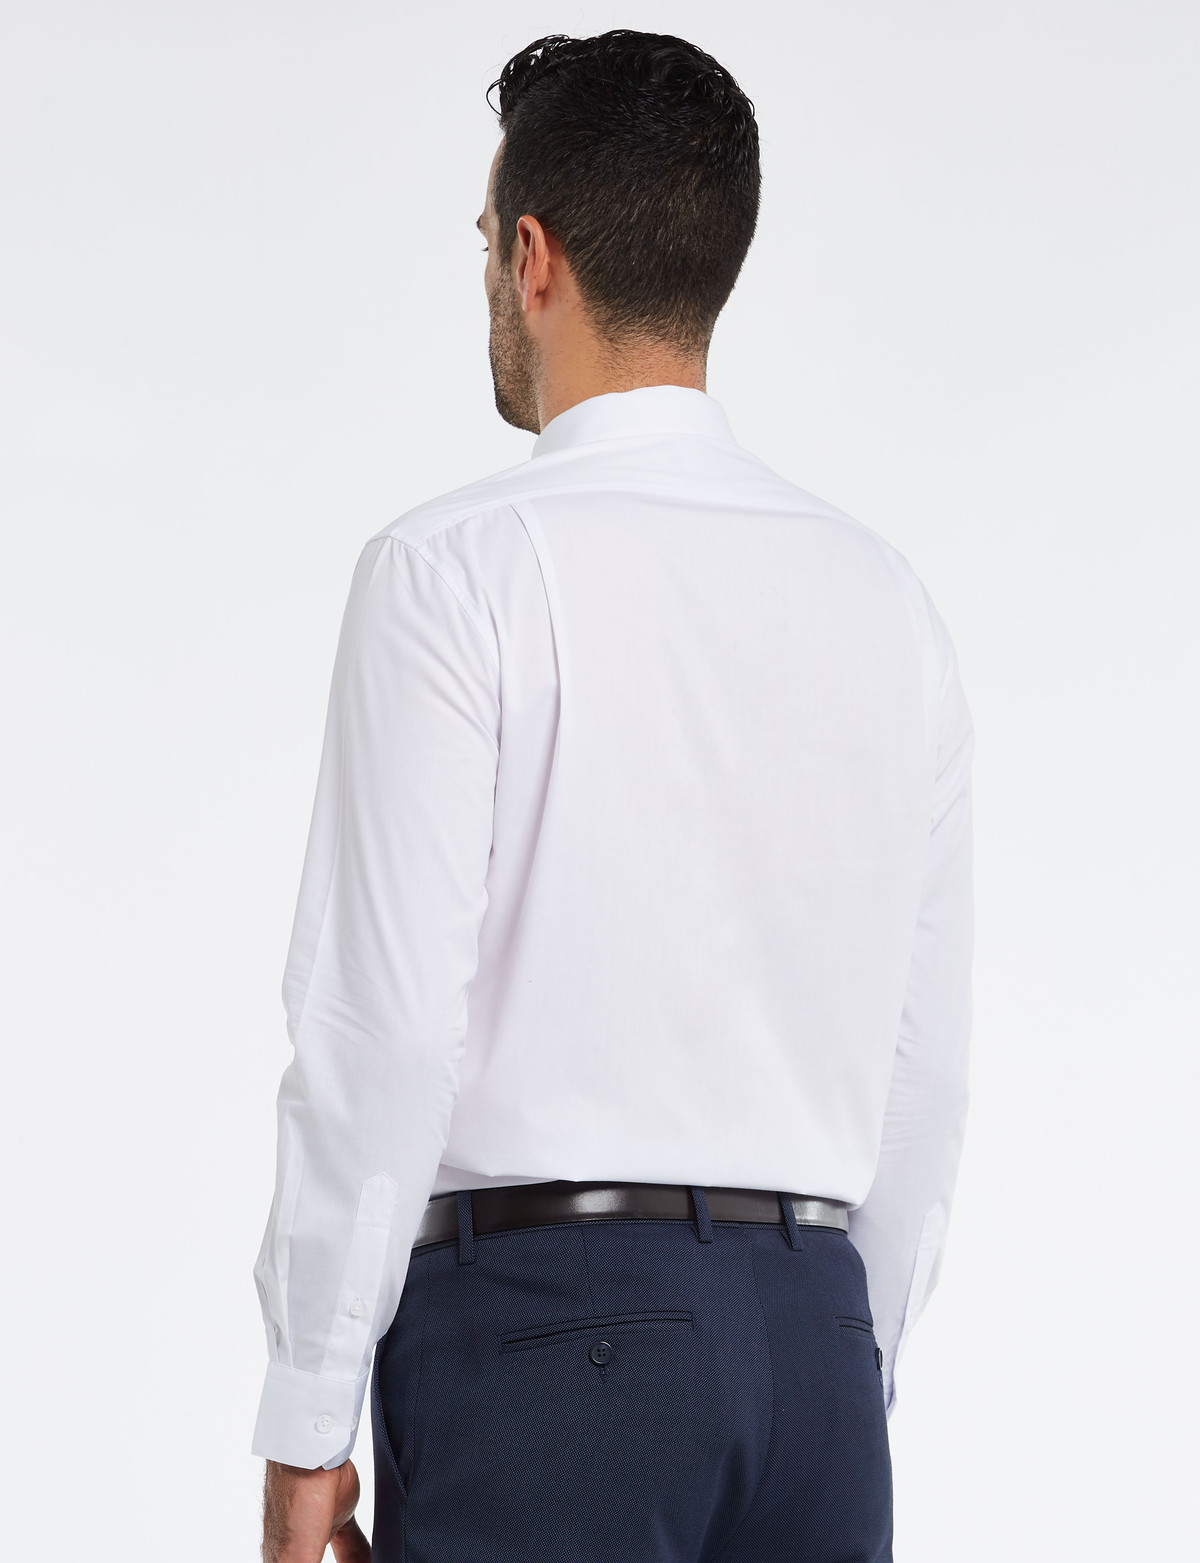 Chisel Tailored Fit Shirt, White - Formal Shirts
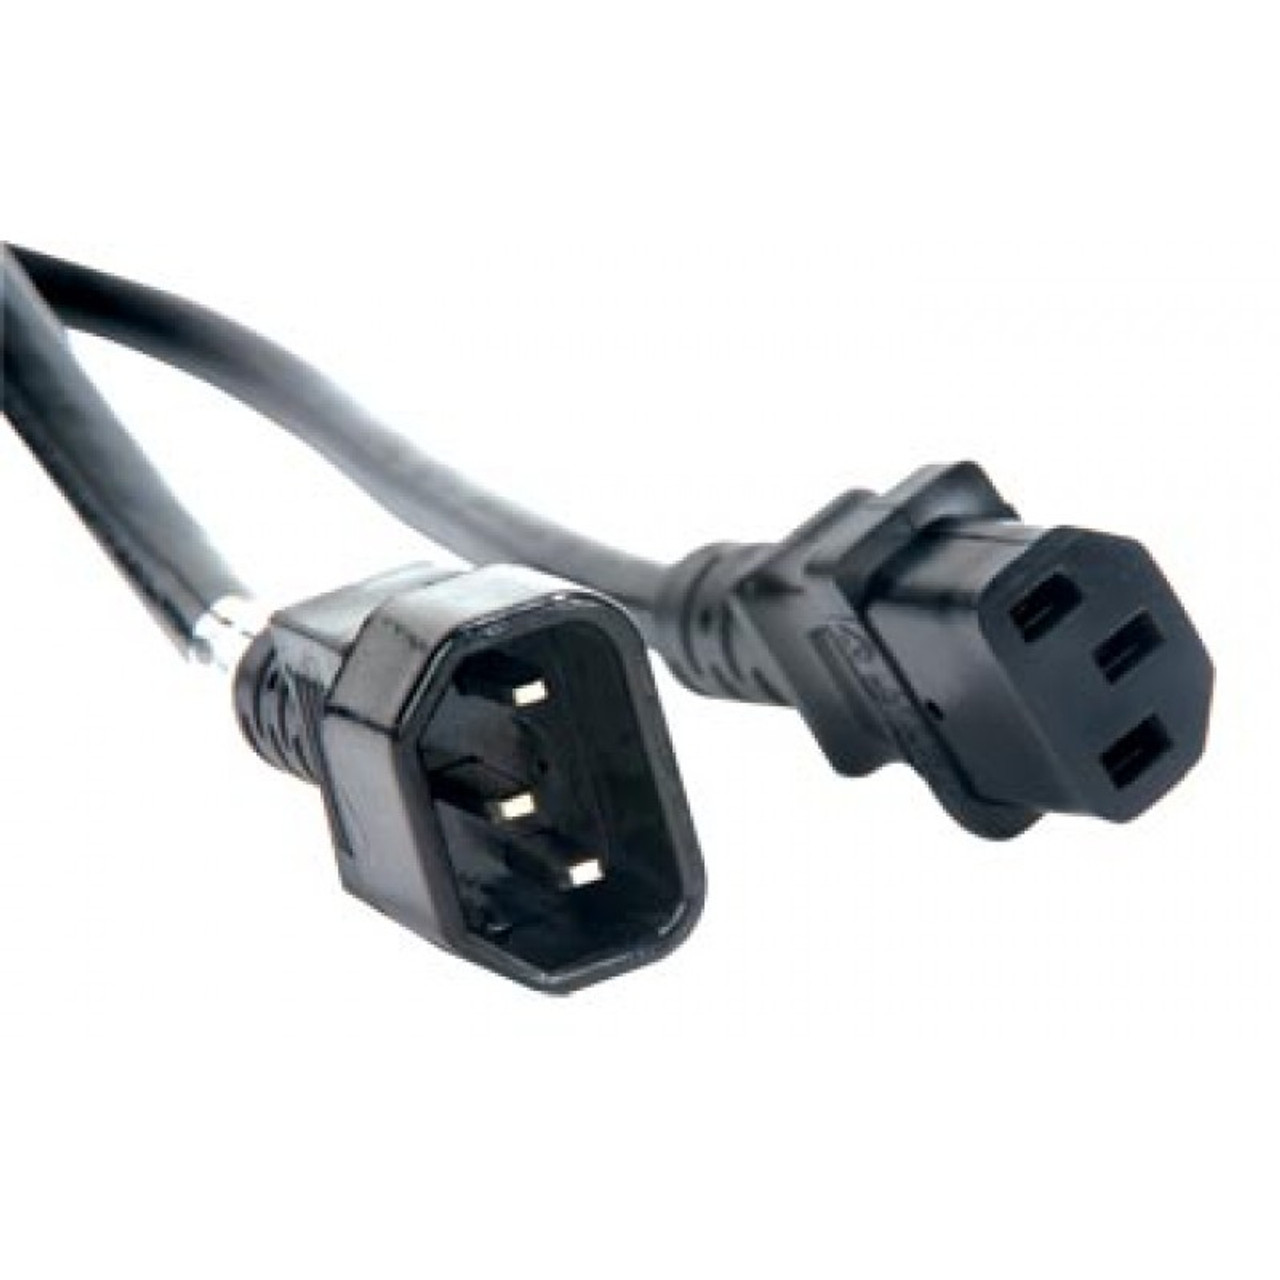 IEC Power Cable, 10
· · · · · · ·
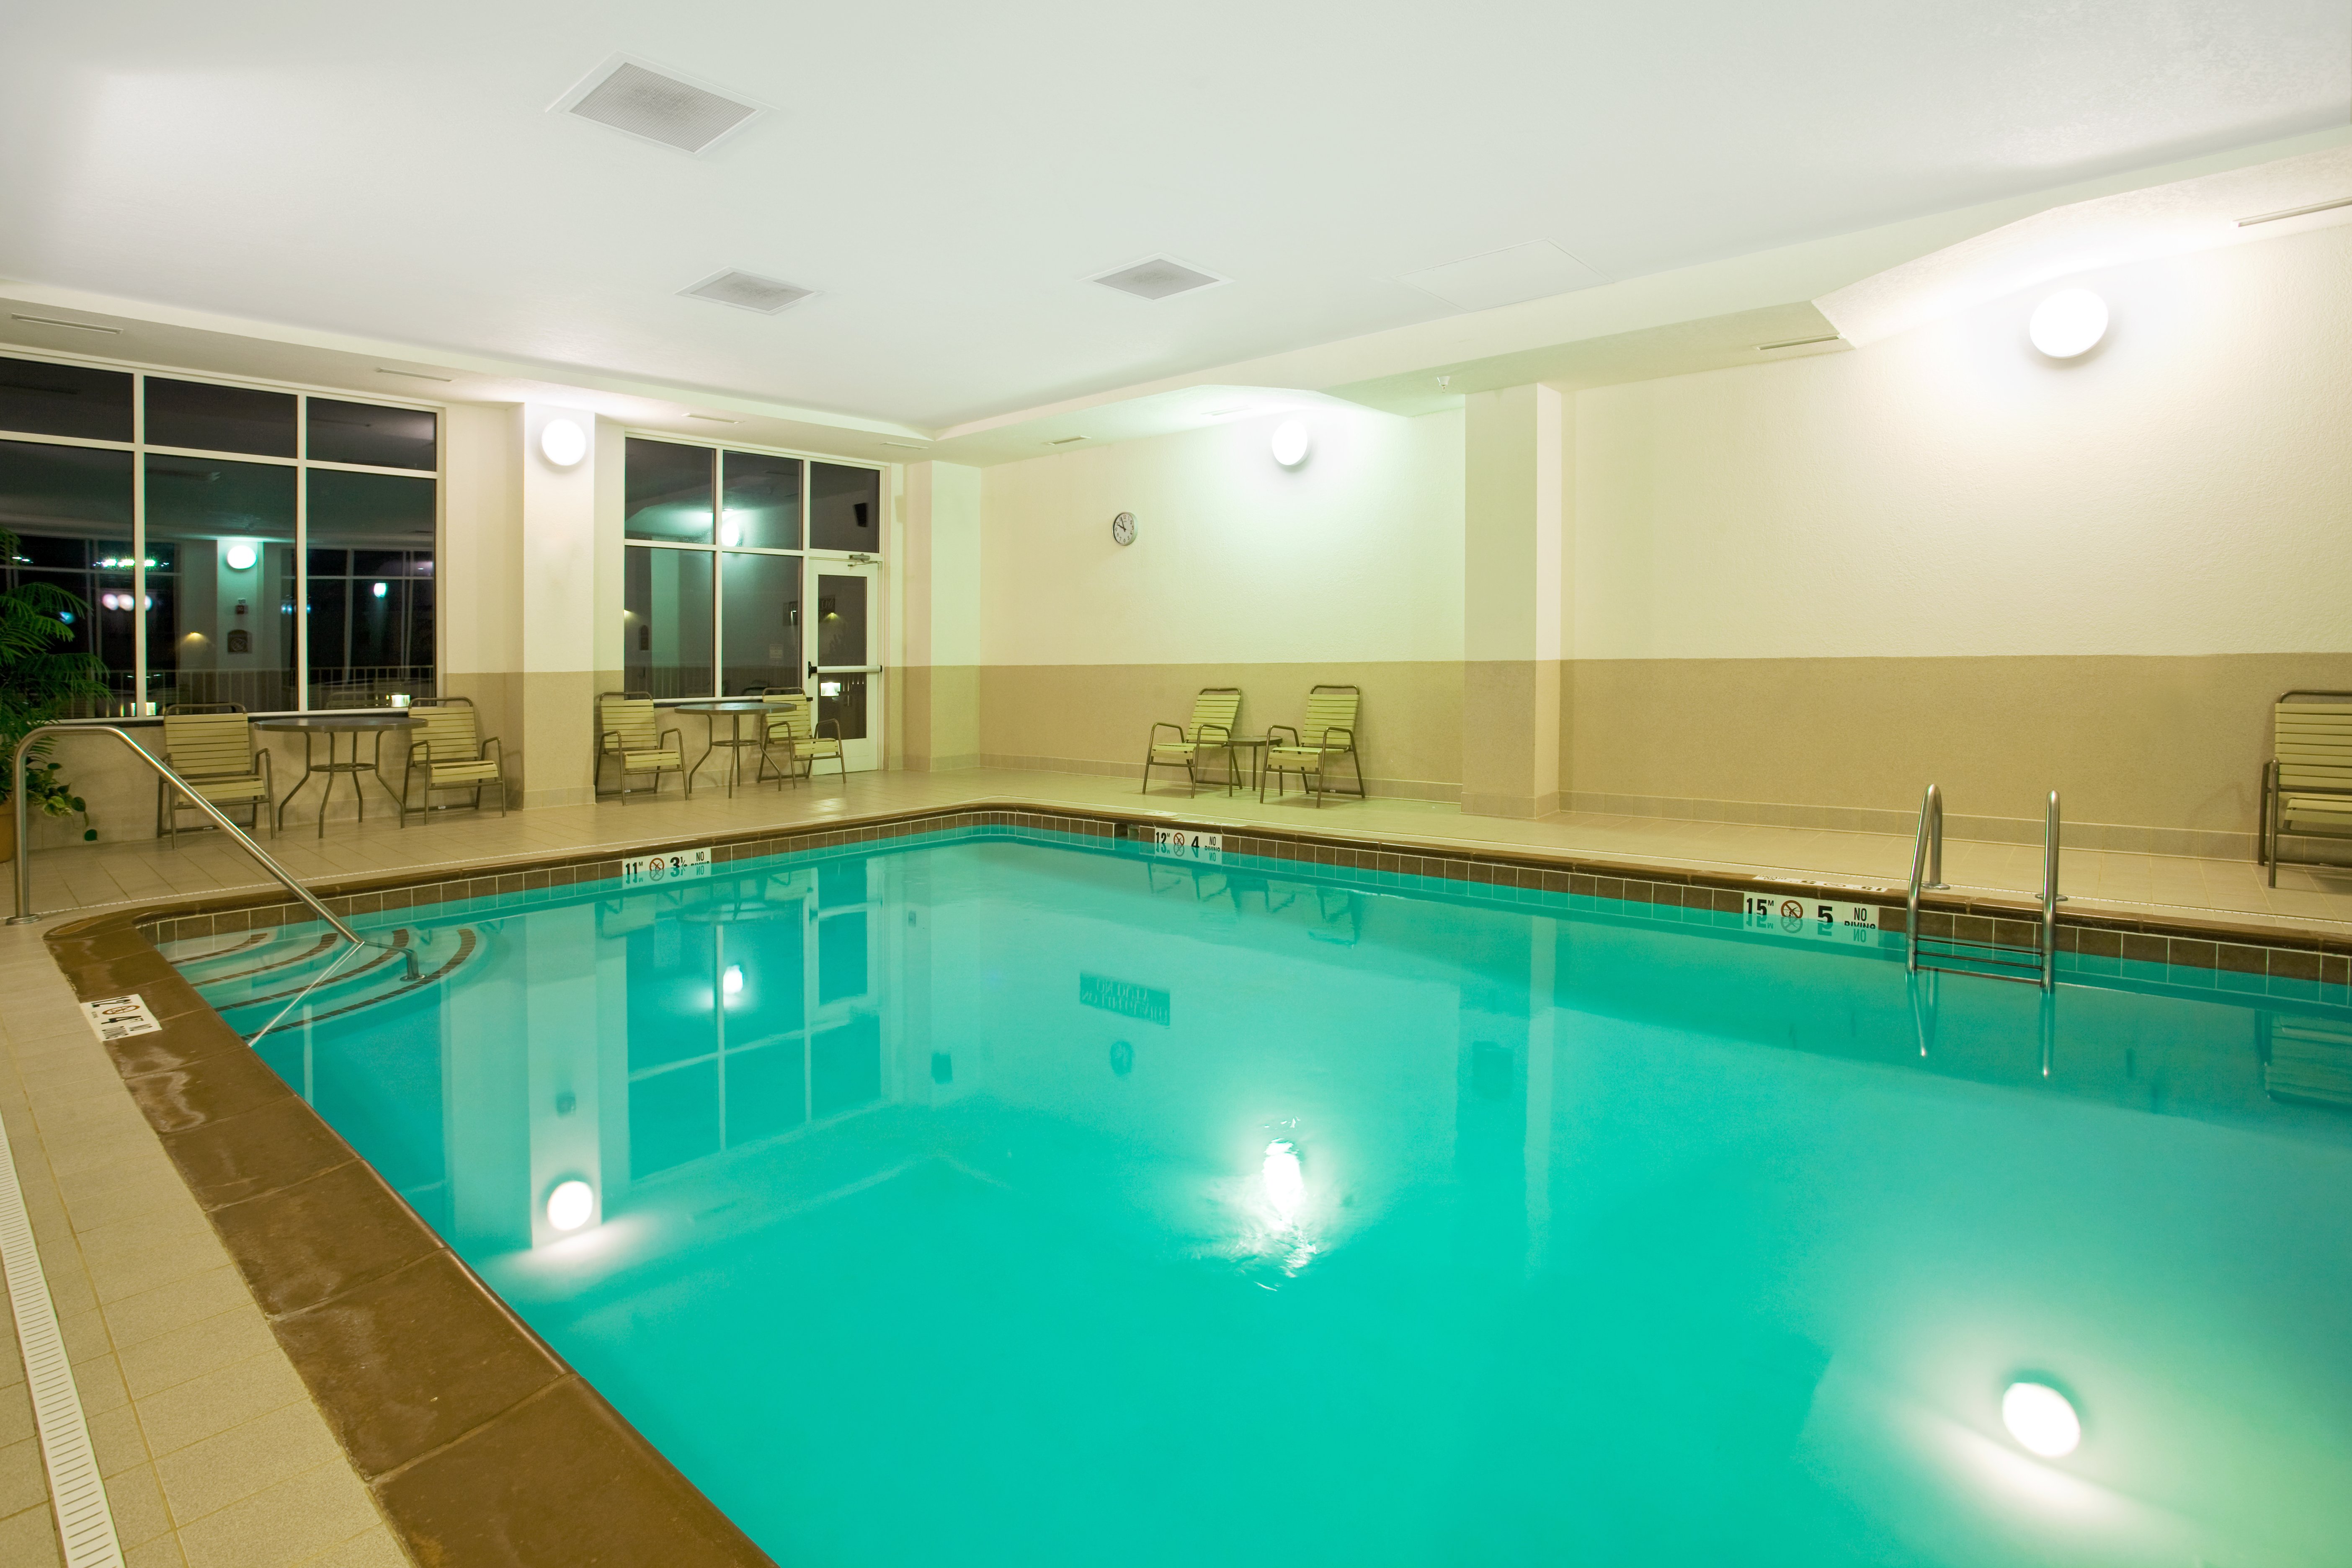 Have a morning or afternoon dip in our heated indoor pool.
· · · · · · ·
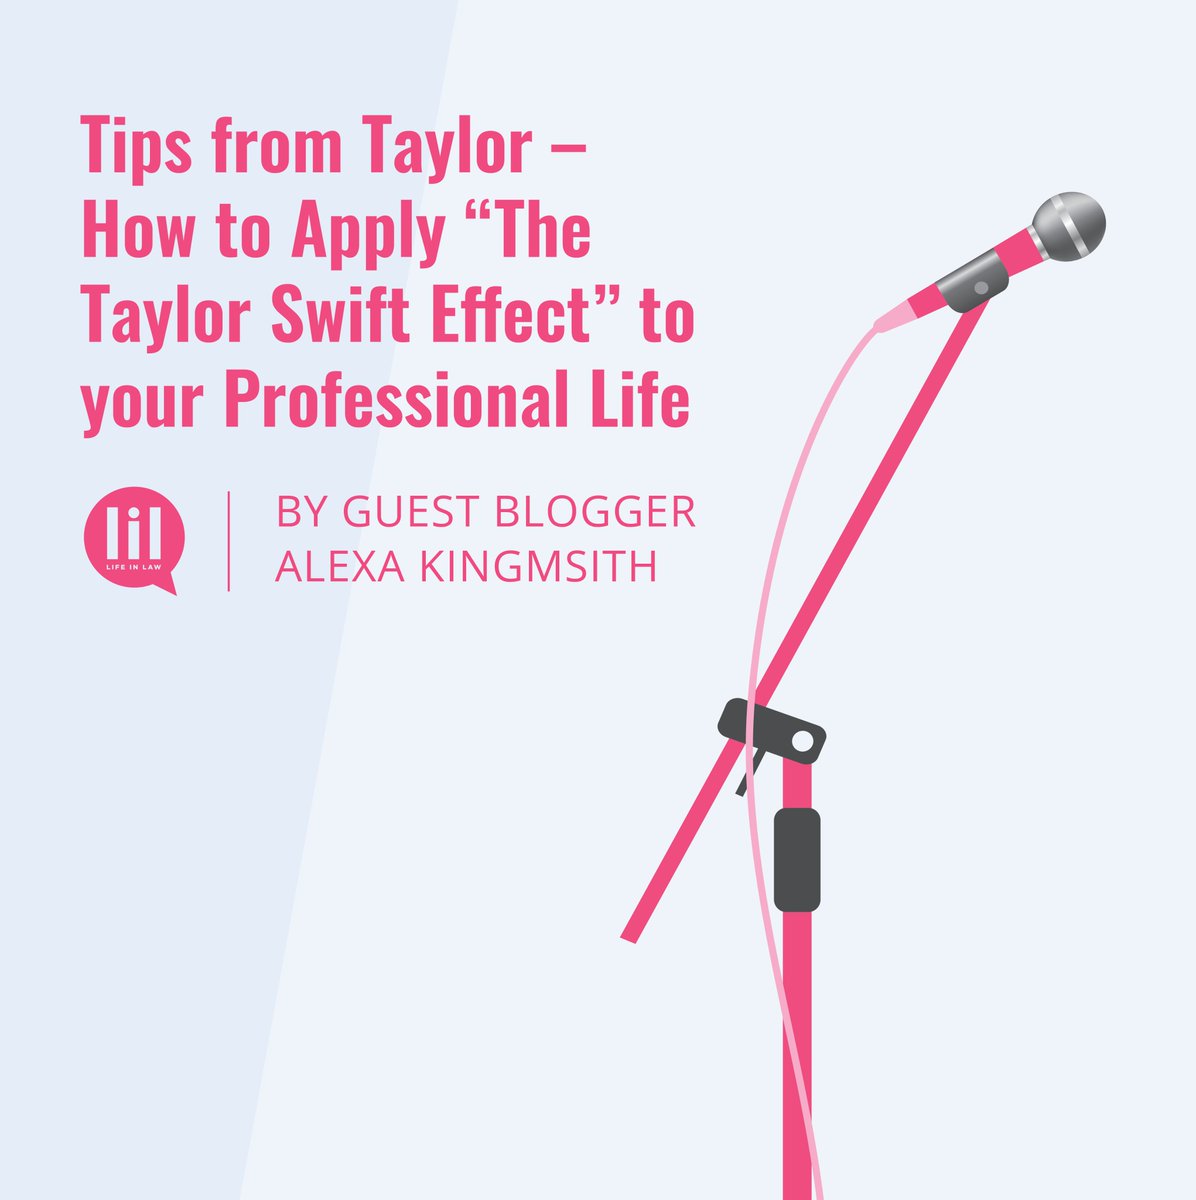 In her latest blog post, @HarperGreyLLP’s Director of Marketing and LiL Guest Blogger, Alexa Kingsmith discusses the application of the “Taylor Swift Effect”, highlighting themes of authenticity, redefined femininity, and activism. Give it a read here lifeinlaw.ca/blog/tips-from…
· · · · · · ·
Problem to work on
Transcribe, word for word, the lines of the listing above from the one that contains "Chisel Tailored Fit" through the one that contains "IEC Power Cable, 10", keeping both ends and dropping the pictures.

Response
 Chisel Tailored Fit Shirt, White - Formal Shirts
 IEC Power Cable, 10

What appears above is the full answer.